WHAT IS REQUIRED
Reproduce every line of the material below, but drop the pictures.

======== PROVIDED DATA

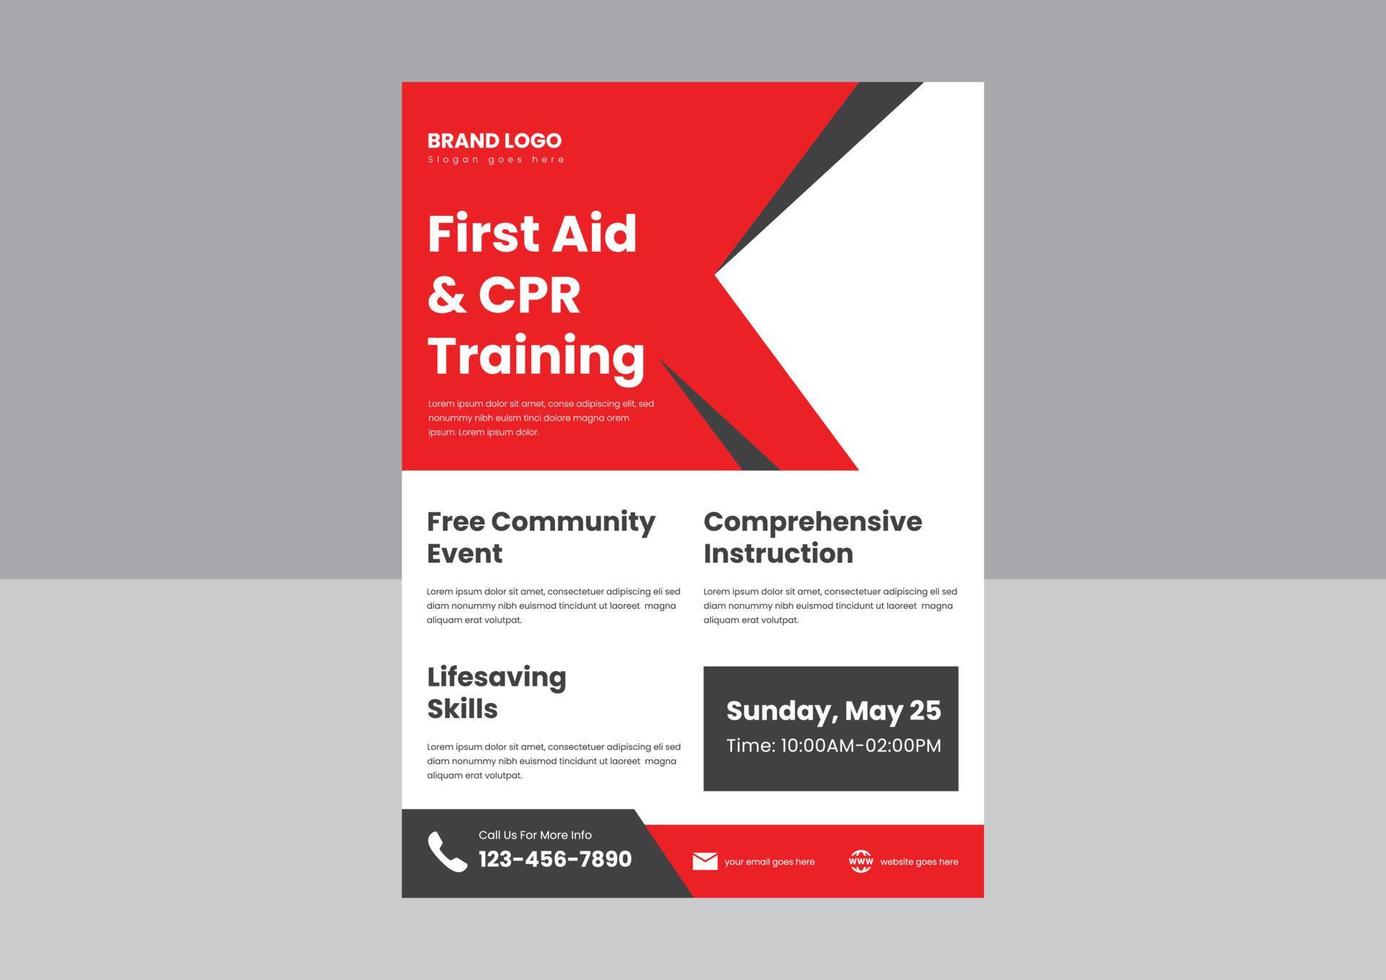 CPR and first aid training flyer poster template. CPR training course flyer poster design. first aid adult CPR training flyer design. vector
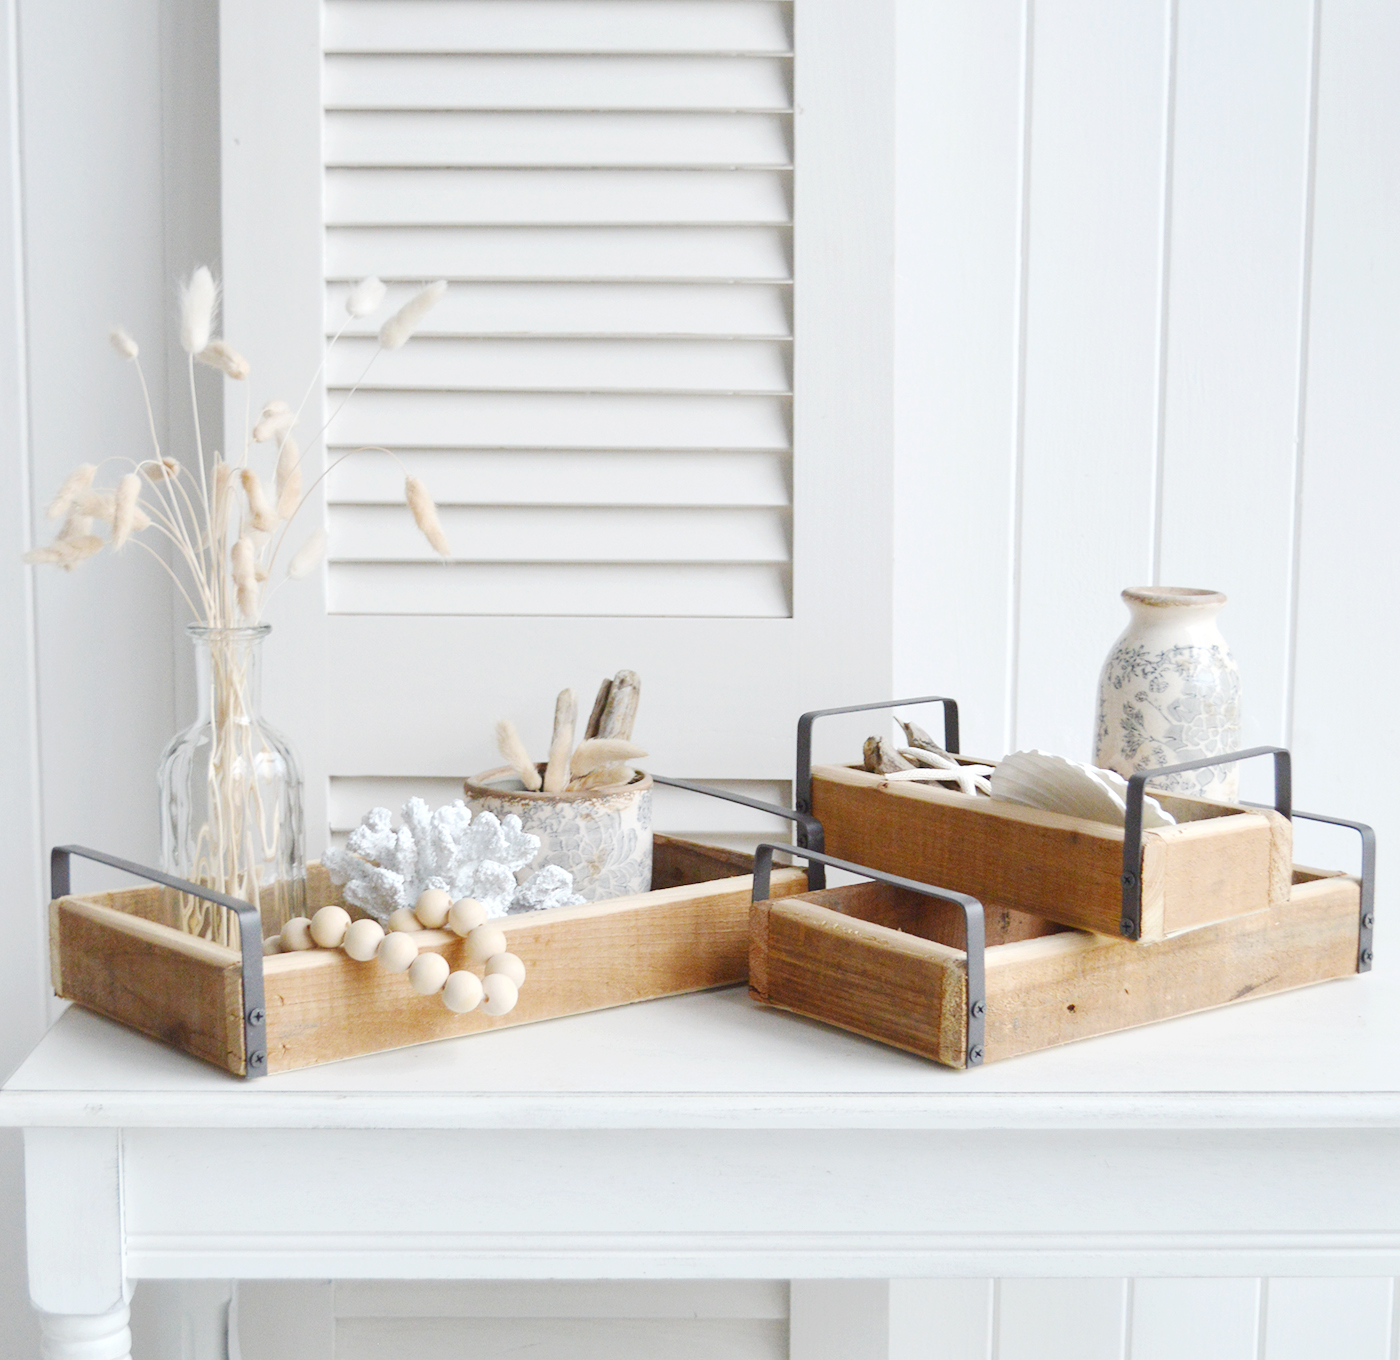 The White Lighthouse. White Furniture and accessories for the home. Set of 3 Pawtucket Wooden Trays for display in New England, Country and coastal home interior decor
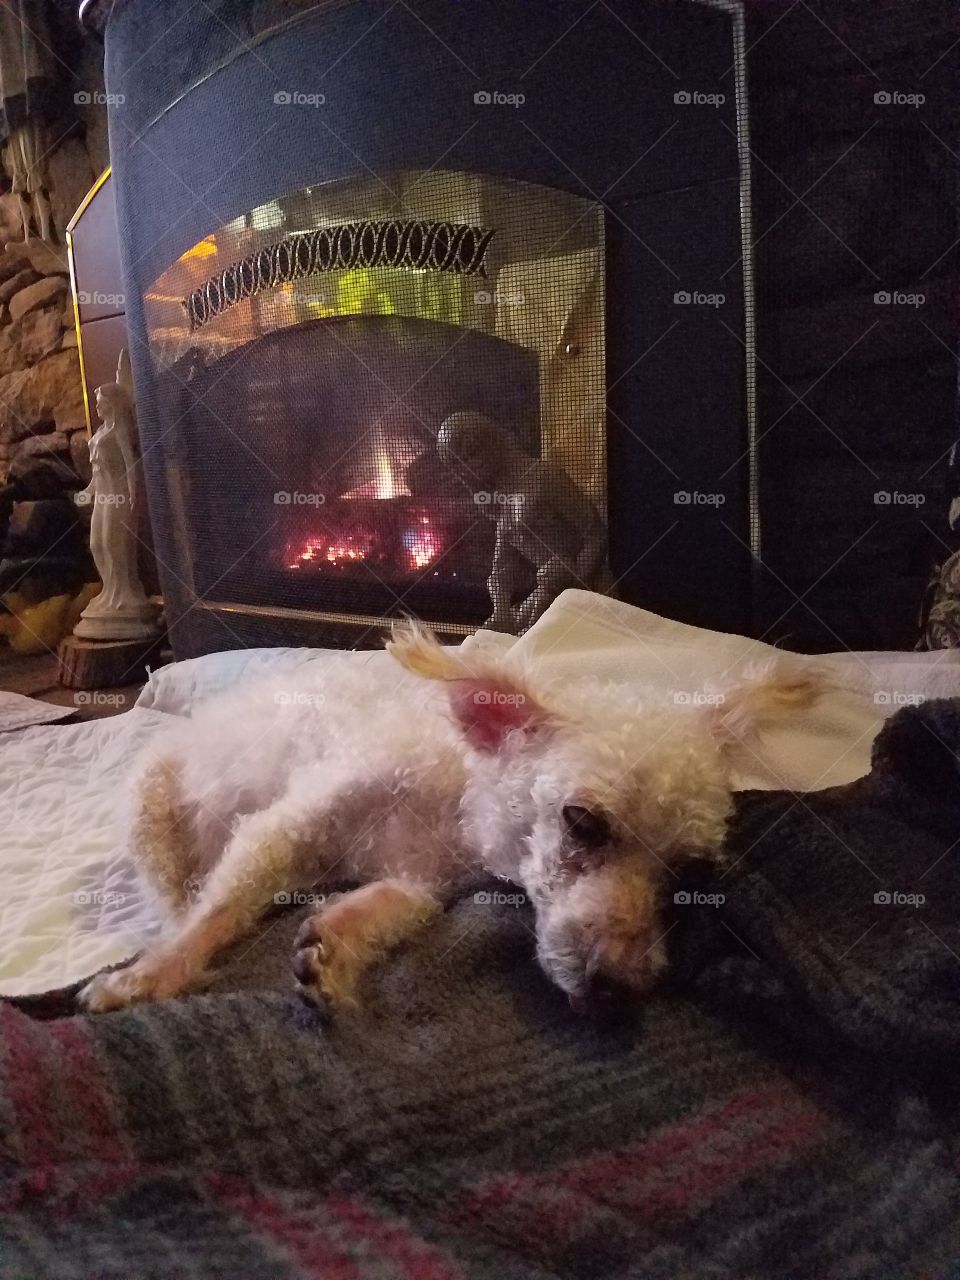 Dog sleeping in bed in front of burning fireplace.🐾
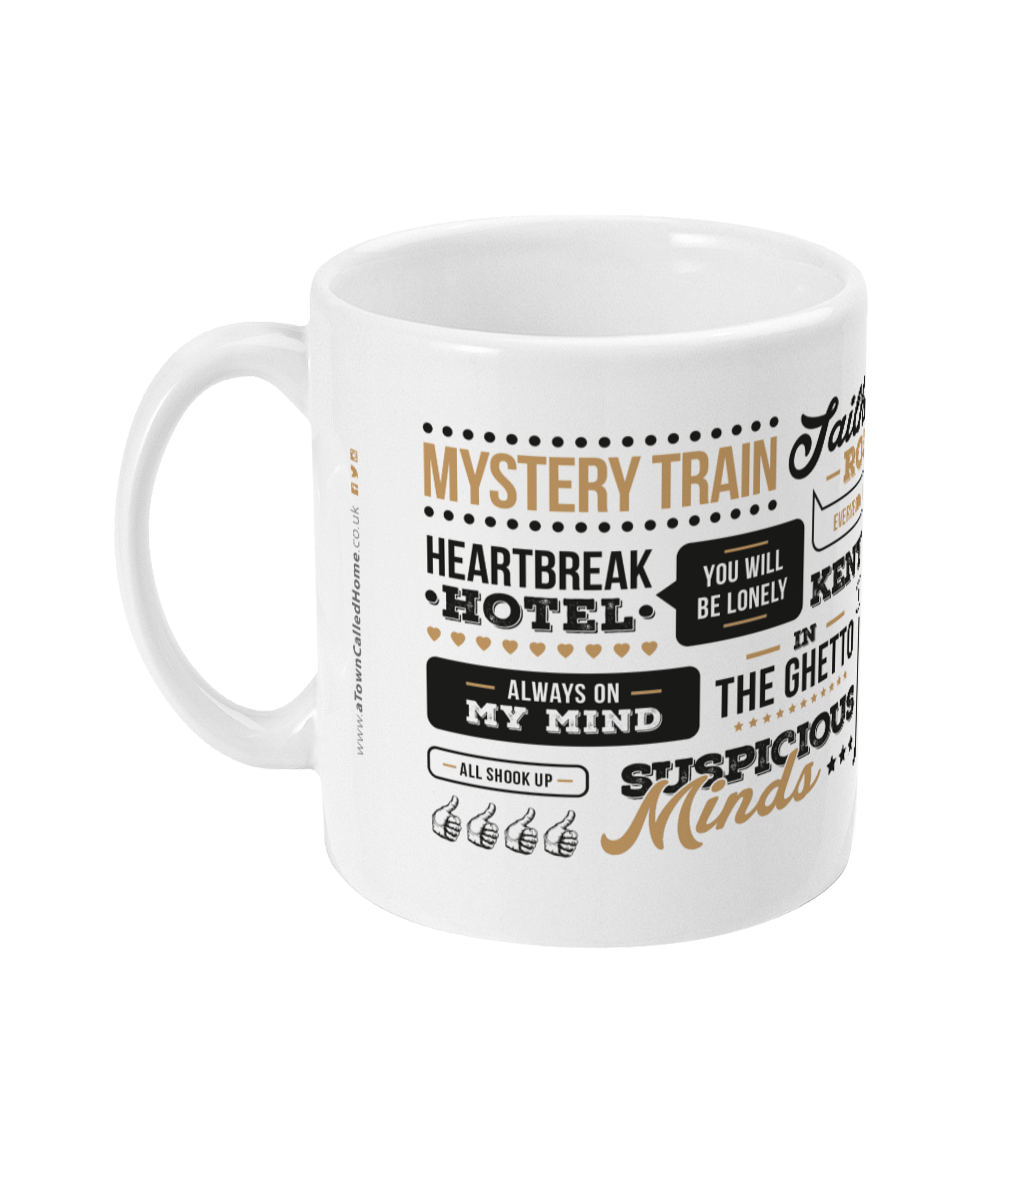 A unique mug perfect for Elvis fans.  Features illustration of 'The King' and includes the names of some of the most popular lines from his most loved songs from over the years,  including 'suspicious minds', 'love me tender' and 'jailhouse rock'.

================

ANSWER TO THE PROBLEM
 CPR and first aid training flyer poster template. CPR training course flyer poster design. first aid adult CPR training flyer design. vector
 The White Lighthouse. White Furniture and accessories for the home. Set of 3 Pawtucket Wooden Trays for display in New England, Country and coastal home interior decor
 Dog sleeping in bed in front of burning fireplace.🐾
 A unique mug perfect for Elvis fans.  Features illustration of 'The King' and includes the names of some of the most popular lines from his most loved songs from over the years,  including 'suspicious minds', 'love me tender' and 'jailhouse rock'.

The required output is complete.